Joint Continuous and Discrete Model Selection via Submodularity
This addresses model selection problems in machine learning where meaningful structure is specified in discrete spaces, offering an efficient solution framework, though it appears incremental as it extends existing submodular theory to handle specific problem classes.
The paper tackles the challenge of model selection with structure-promoting regularizers in discrete spaces, which often leads to nonconvex optimization problems, by connecting it to submodular function minimization and showing that a class of these problems can be solved exactly and efficiently with combined discrete and continuous optimization routines, validated numerically against state-of-the-art algorithms.

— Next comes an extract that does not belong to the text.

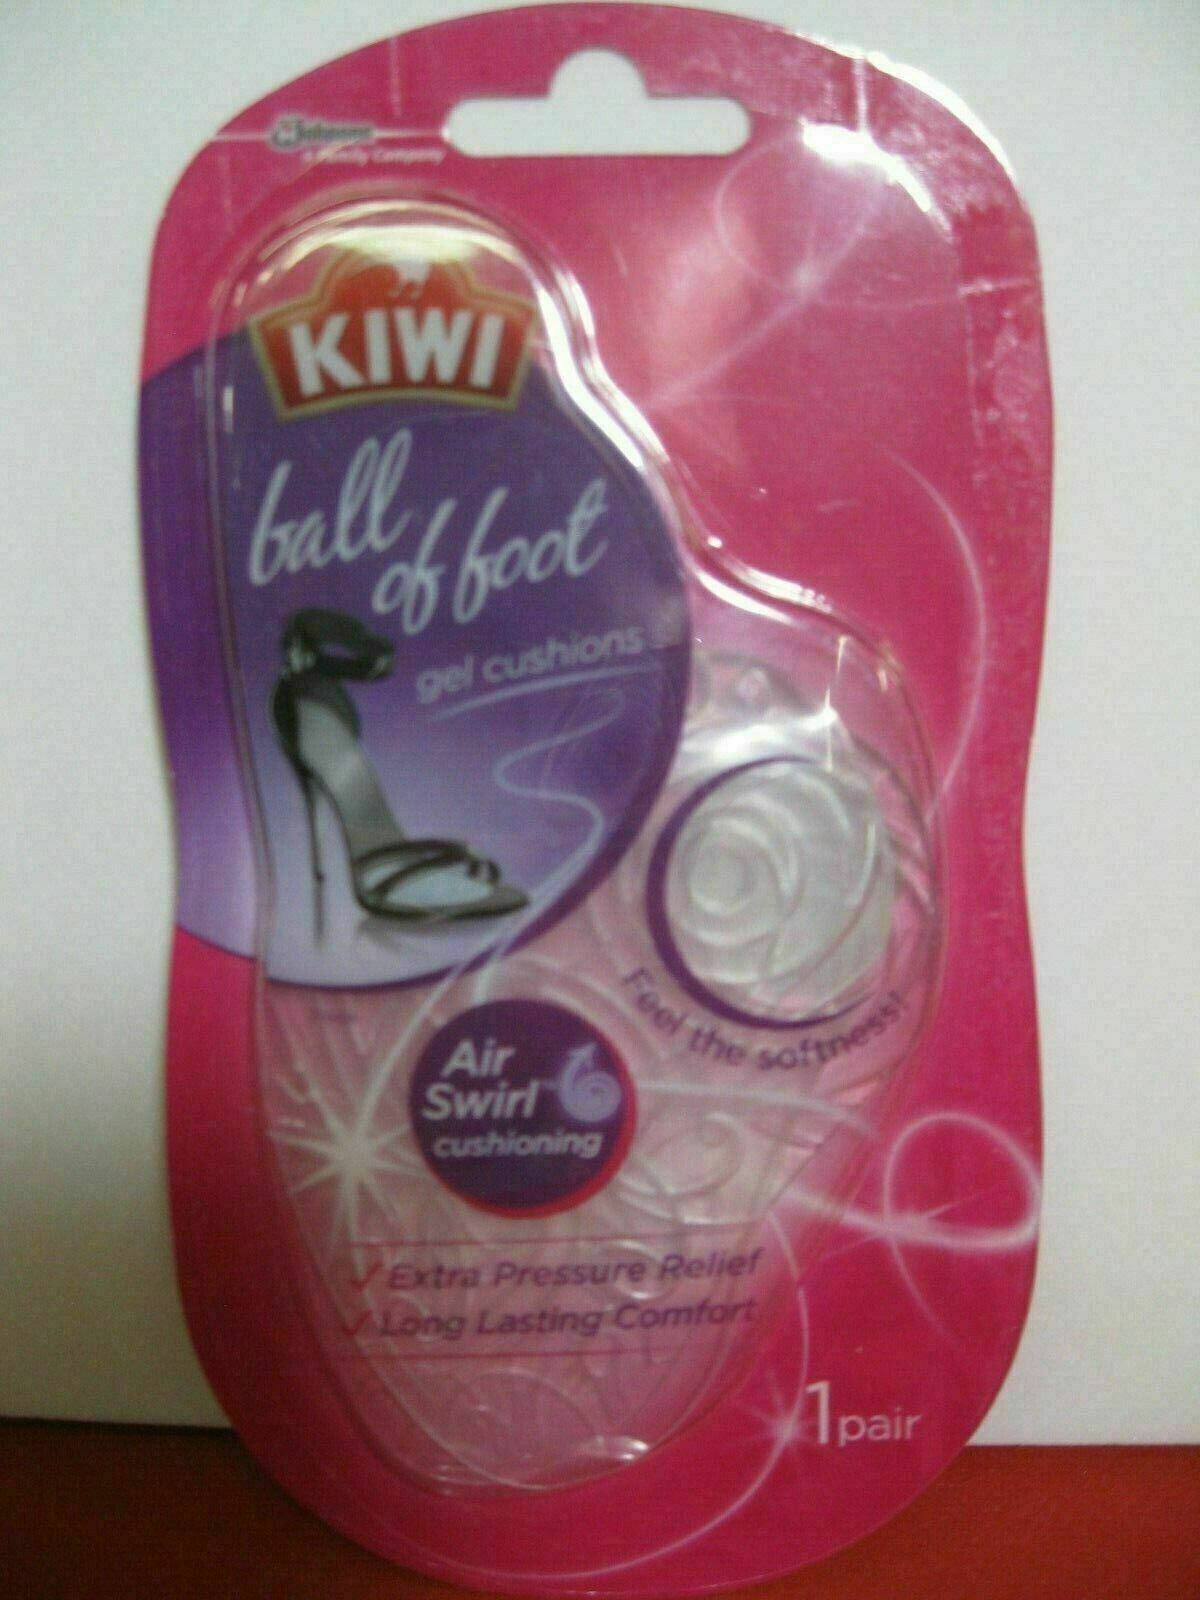 KIWI Women's Comfort Gel Cushions High-Heel Ball of Foot Pads - 1 Pair Air Swirl

In model selection problems for machine learning, the desire for a well-performing model with meaningful structure is typically expressed through a regularized optimization problem. In many scenarios, however, the meaningful structure is specified in some discrete space, leading to difficult nonconvex optimization problems. In this paper, we connect the model selection problem with structure-promoting regularizers to submodular function minimization with continuous and discrete arguments. In particular, we leverage the theory of submodular functions to identify a class of these problems that can be solved exactly and efficiently with an agnostic combination of discrete and continuous optimization routines. We show how simple continuous or discrete constraints can also be handled for certain problem classes and extend these ideas to a robust optimization framework. We also show how some problems outside of this class can be embedded within the class, further extending the class of problems our framework can accommodate. Finally, we numerically validate our theoretical results with several proof-of-concept examples with synthetic and real-world data, comparing against state-of-the-art algorithms.